An embodiment of the present invention will now be described, by way of example only, and with reference to the accompanying drawings in which: Figures la and ib are exploded views of the components of a locking mechanism for a valve; Figures 2a, 2b and 2c show schematic plan views of the locking mechanism in different states; Figures 3a and 3b are sectional views of a key and key mechanism according to the present invention; Figure 4 shows a part of a key being inserted in the key mechanism according to the present invention; Figures 5a and 5b show cross-sectional views of a cover in the key mechanism of the present invention; Figure 6a is a cross-sectional view of a control mechanism forming part of the locking mechanism of Figures la and lb;; Figure 6b is a plan view of the control mechanism of Figure 6a; and Figure 7 is a view of the locking mechanism, with part broken away, attached to a valve.

Figures la and ib are exploded views showing the components of a locking mechanism for a valve.

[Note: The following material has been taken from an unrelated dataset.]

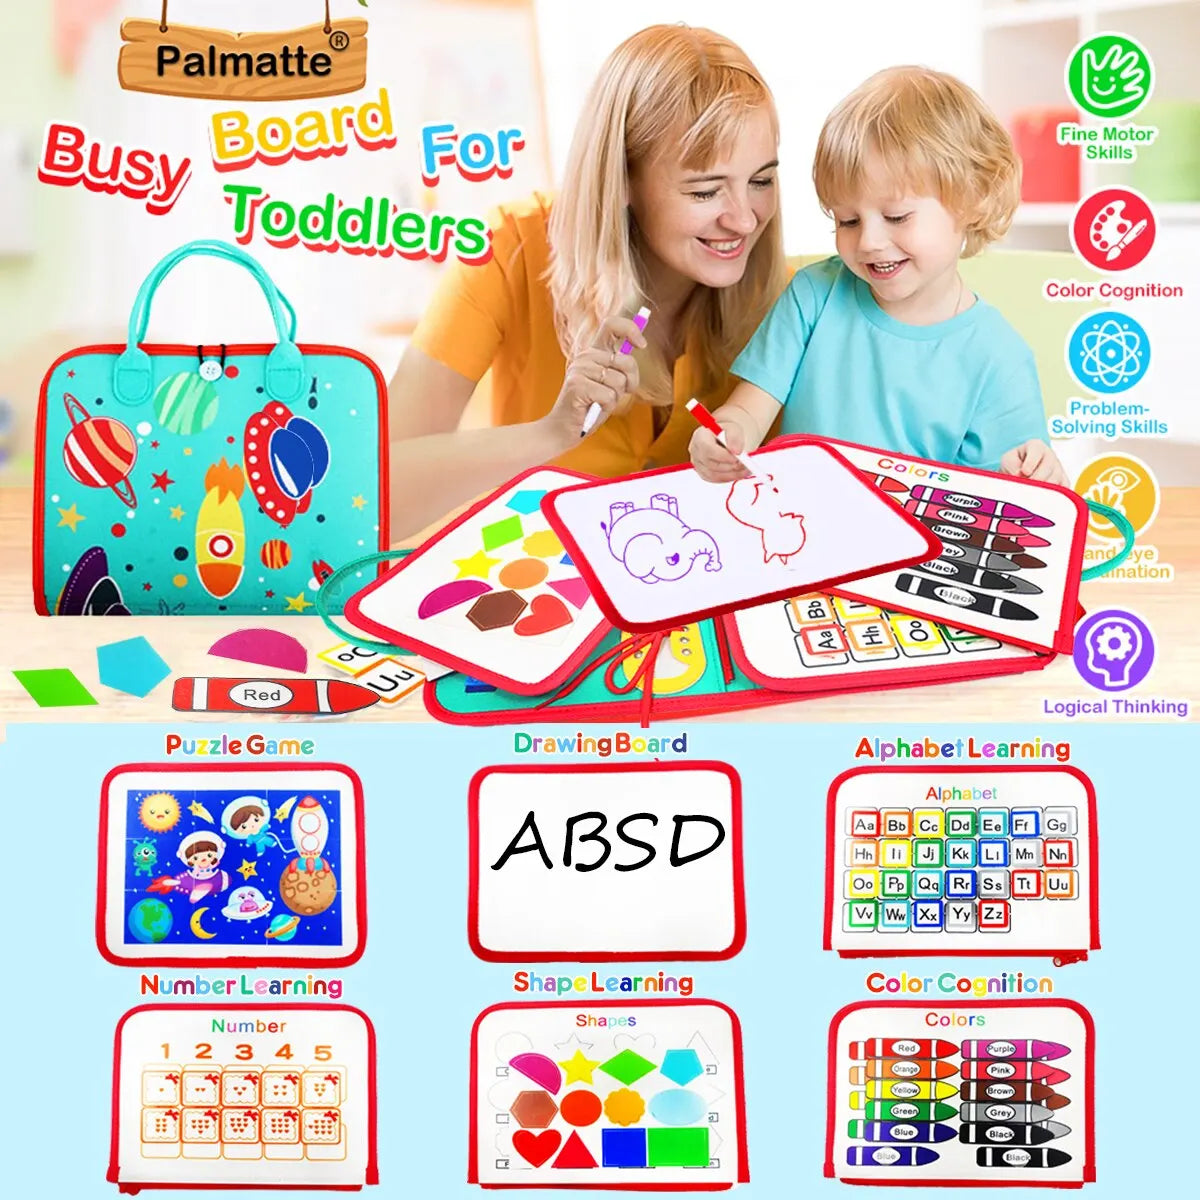 Busy Board Toddlers Sensory Toy

The locking mechanism includes a body 2 which is joined to a turning adaptor 4 so as to be rotatable together. The turning adaptor 4 is relieved to co-operate with the yoke (not shown) of a valve to which the locking mechanism is fitted. As shown, the turning adaptor 4 has an internal bore 6 of hexagonal cross-section to co-operate with a yoke of hexagonal cross-section, though other cross-sections may be used. The body 2 and turning adaptor 4 are fixedly joined to the yoke by means of a nut (not shown). Accordingly rotation of the body 2 and turning adaptor 4 about an axis A causes rotation of the yoke to open or to close the valve. The body 2 and turning adaptor 4 may be formed as an integral component, if required.However, manufacturing the body 2 and turning adaptor 4 separately allows a standard body 2 to be produced for all locking mechanisms which can then be joined to a turning adaptor 4 for a specific type of valve.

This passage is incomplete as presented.